Supplied material
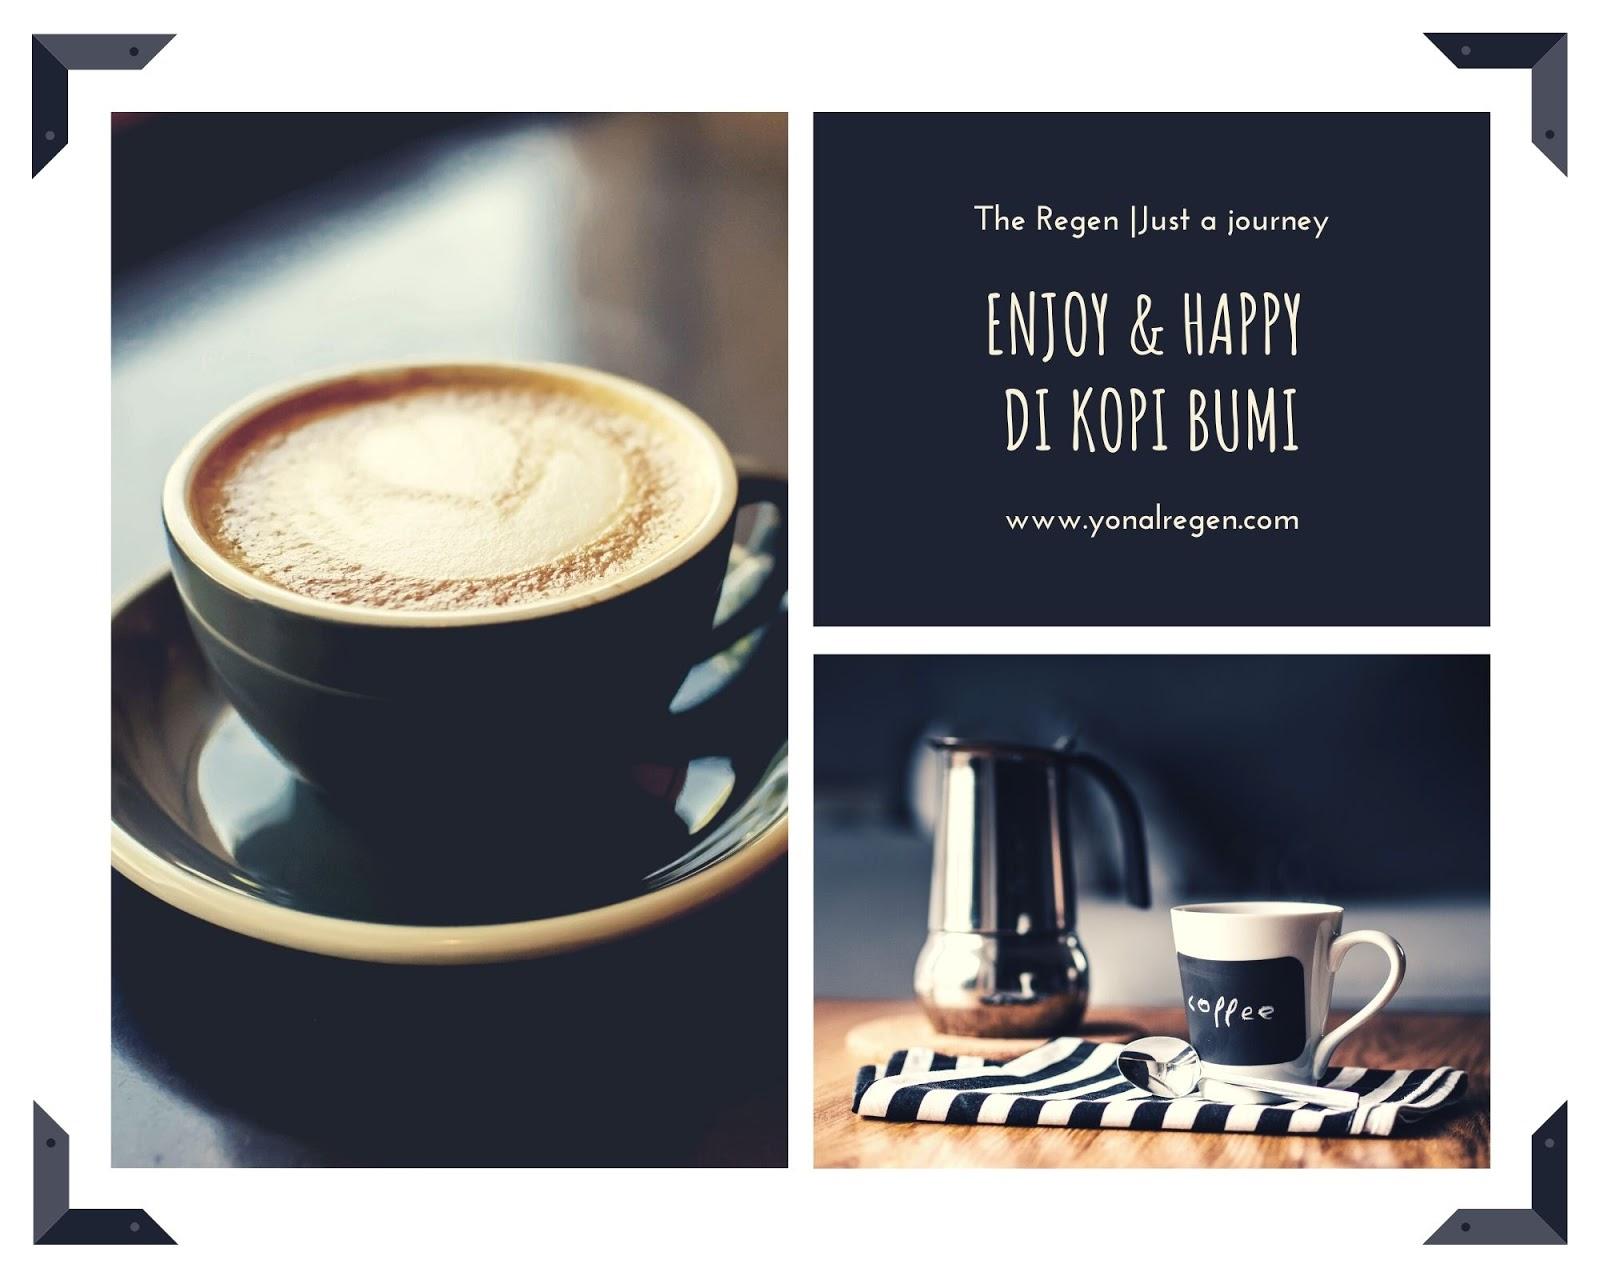 enjoy & happy di kopi bumi Sukabumi
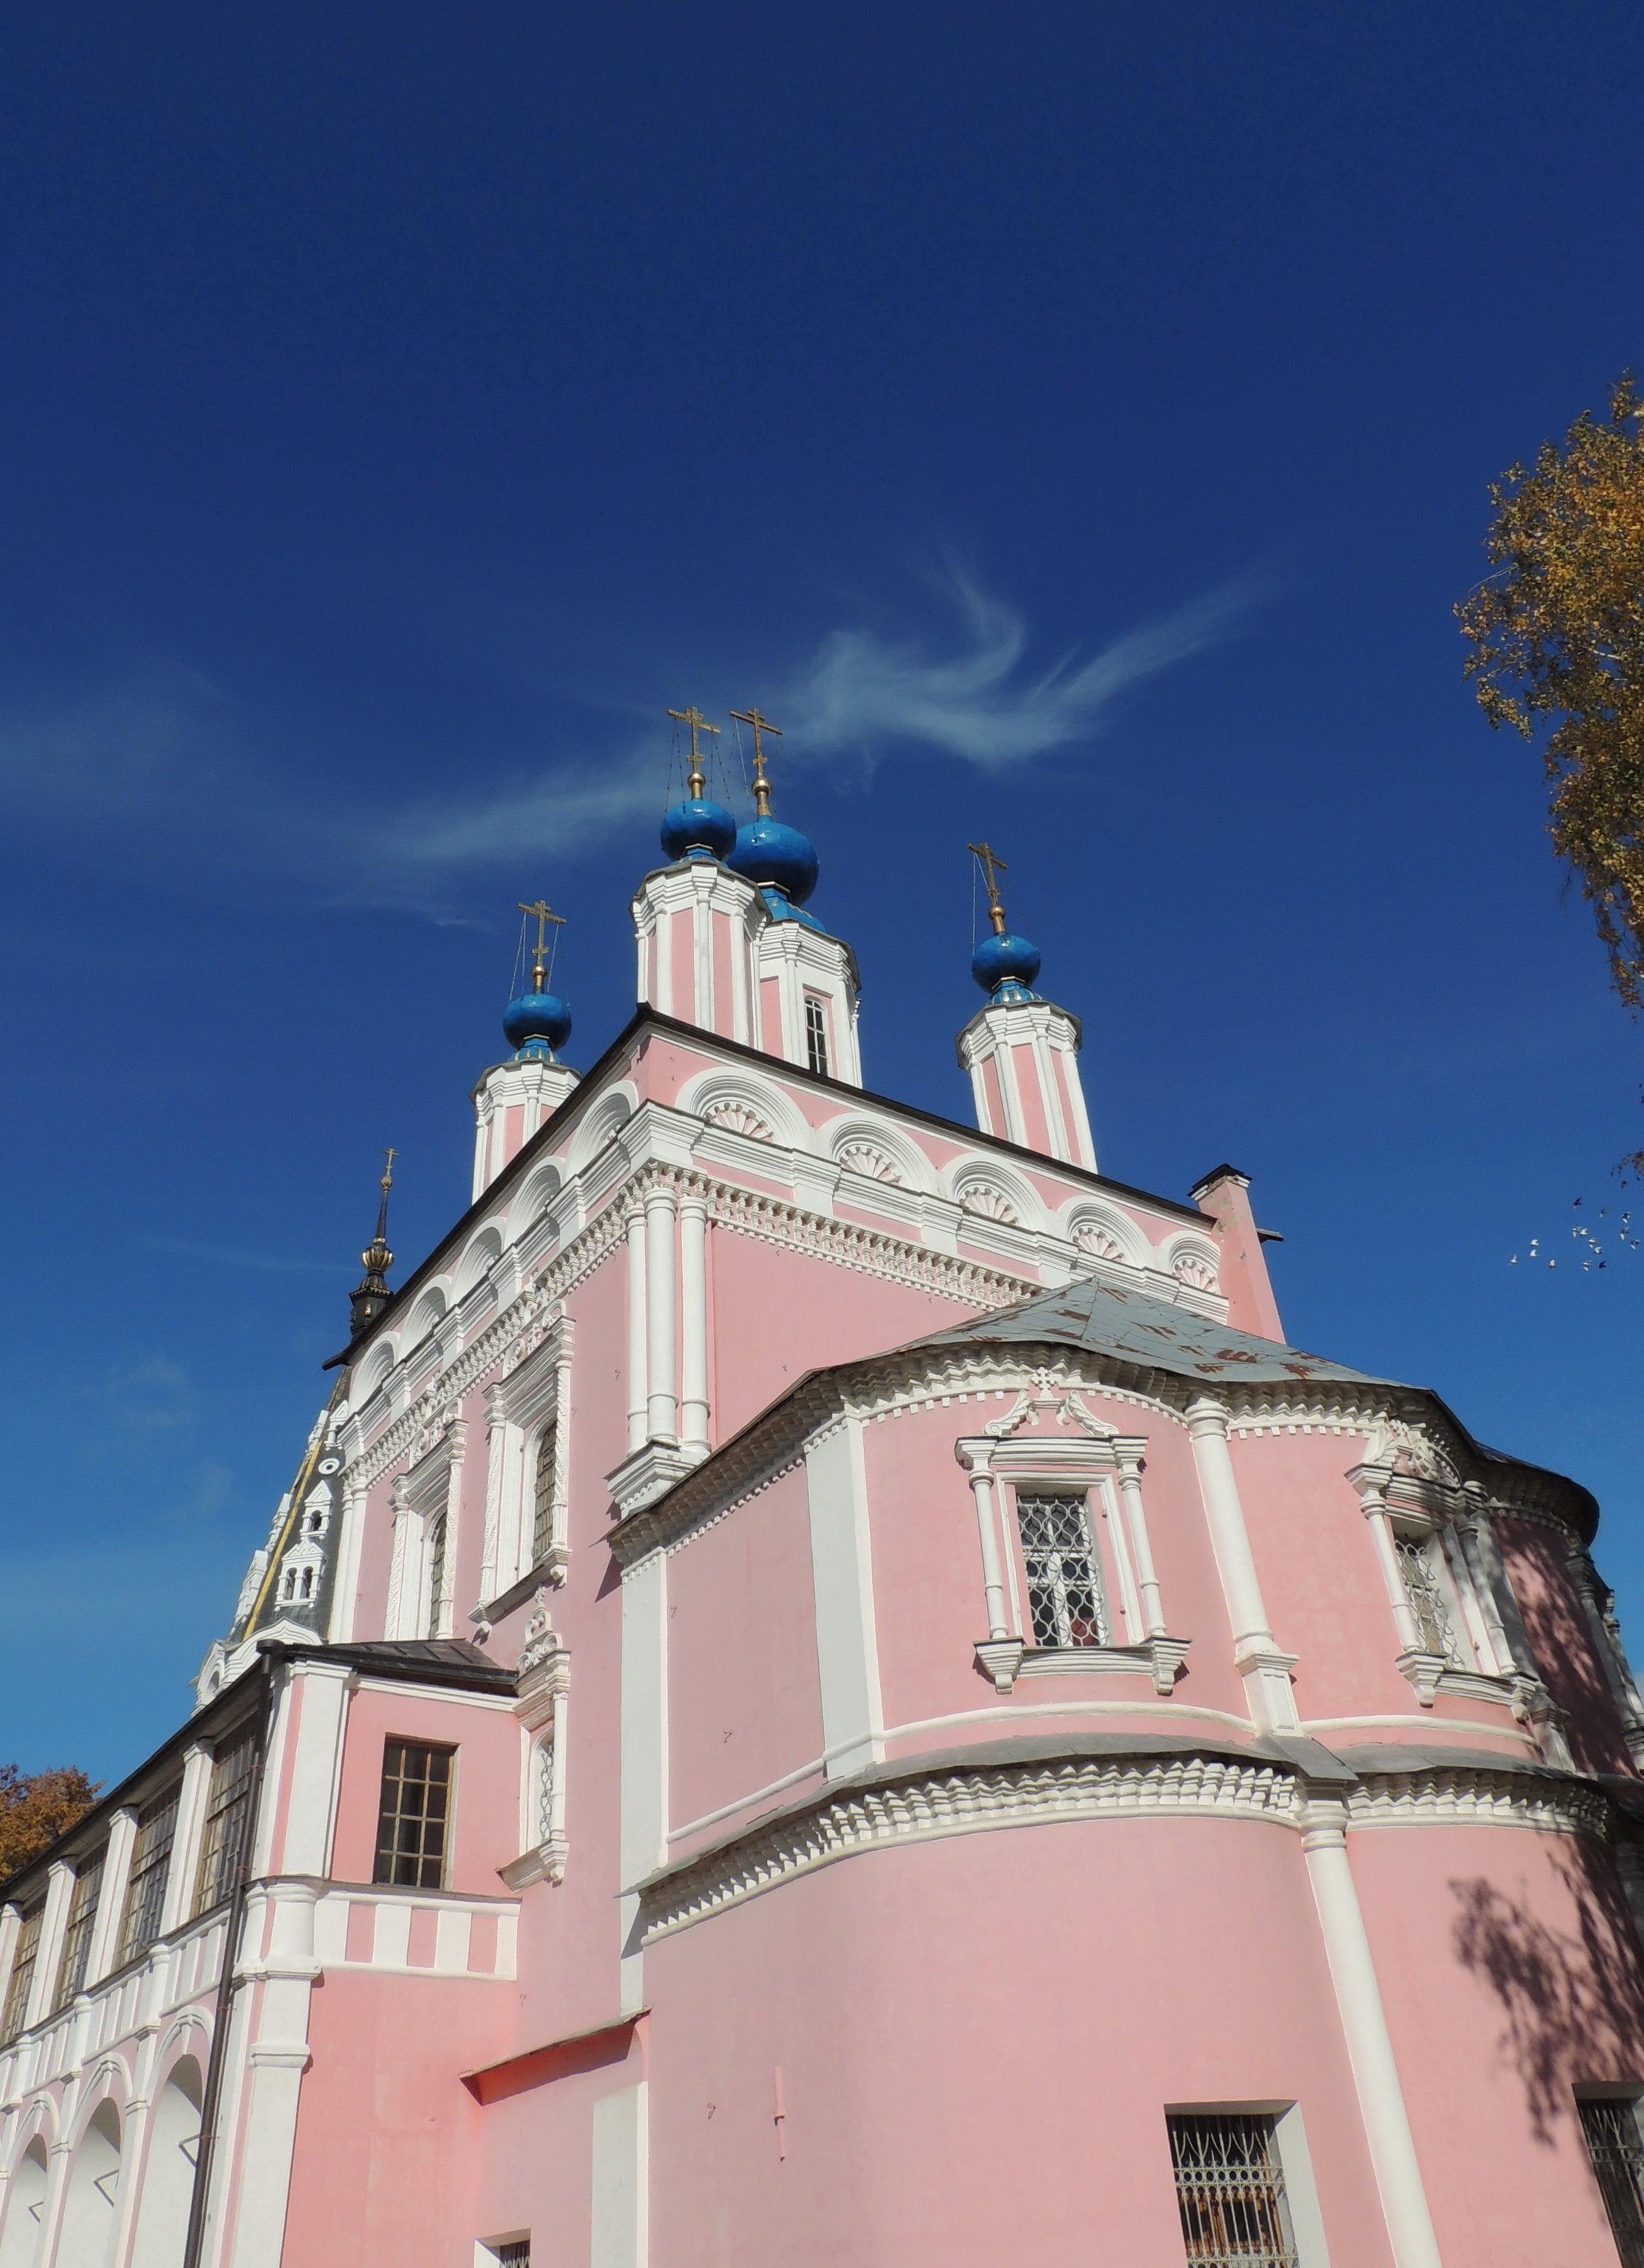 http://monuspen.ru/photoreports/7df66090564ac3621568a9866ab706af.JPG
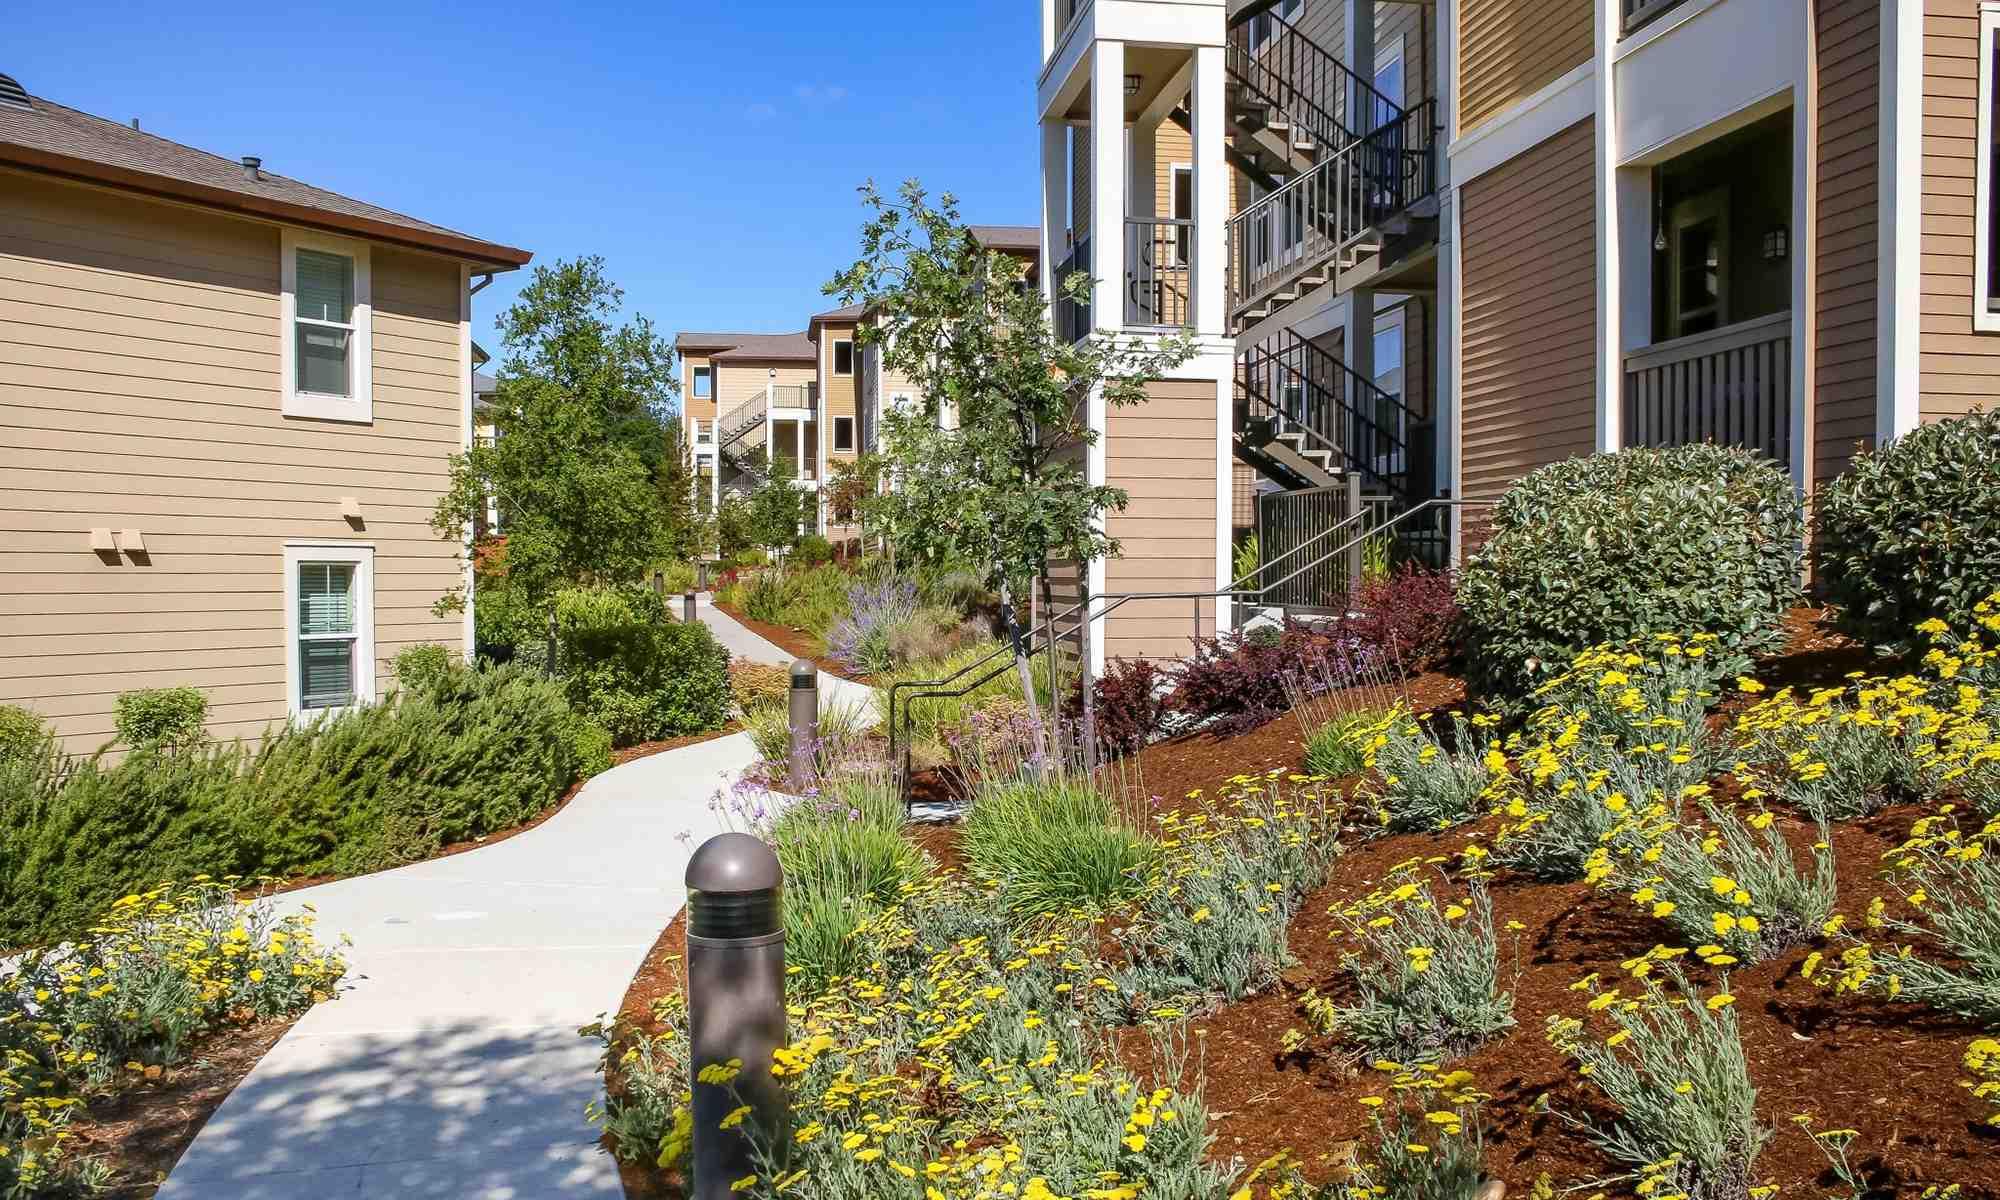 Well Landscaped Yards at the Santa Rosa Apartments

Problem to solve
The answer is the listing above restated word for word, pictures removed.

Task result
 enjoy & happy di kopi bumi Sukabumi
 http://monuspen.ru/photoreports/7df66090564ac3621568a9866ab706af.JPG
 Well Landscaped Yards at the Santa Rosa Apartments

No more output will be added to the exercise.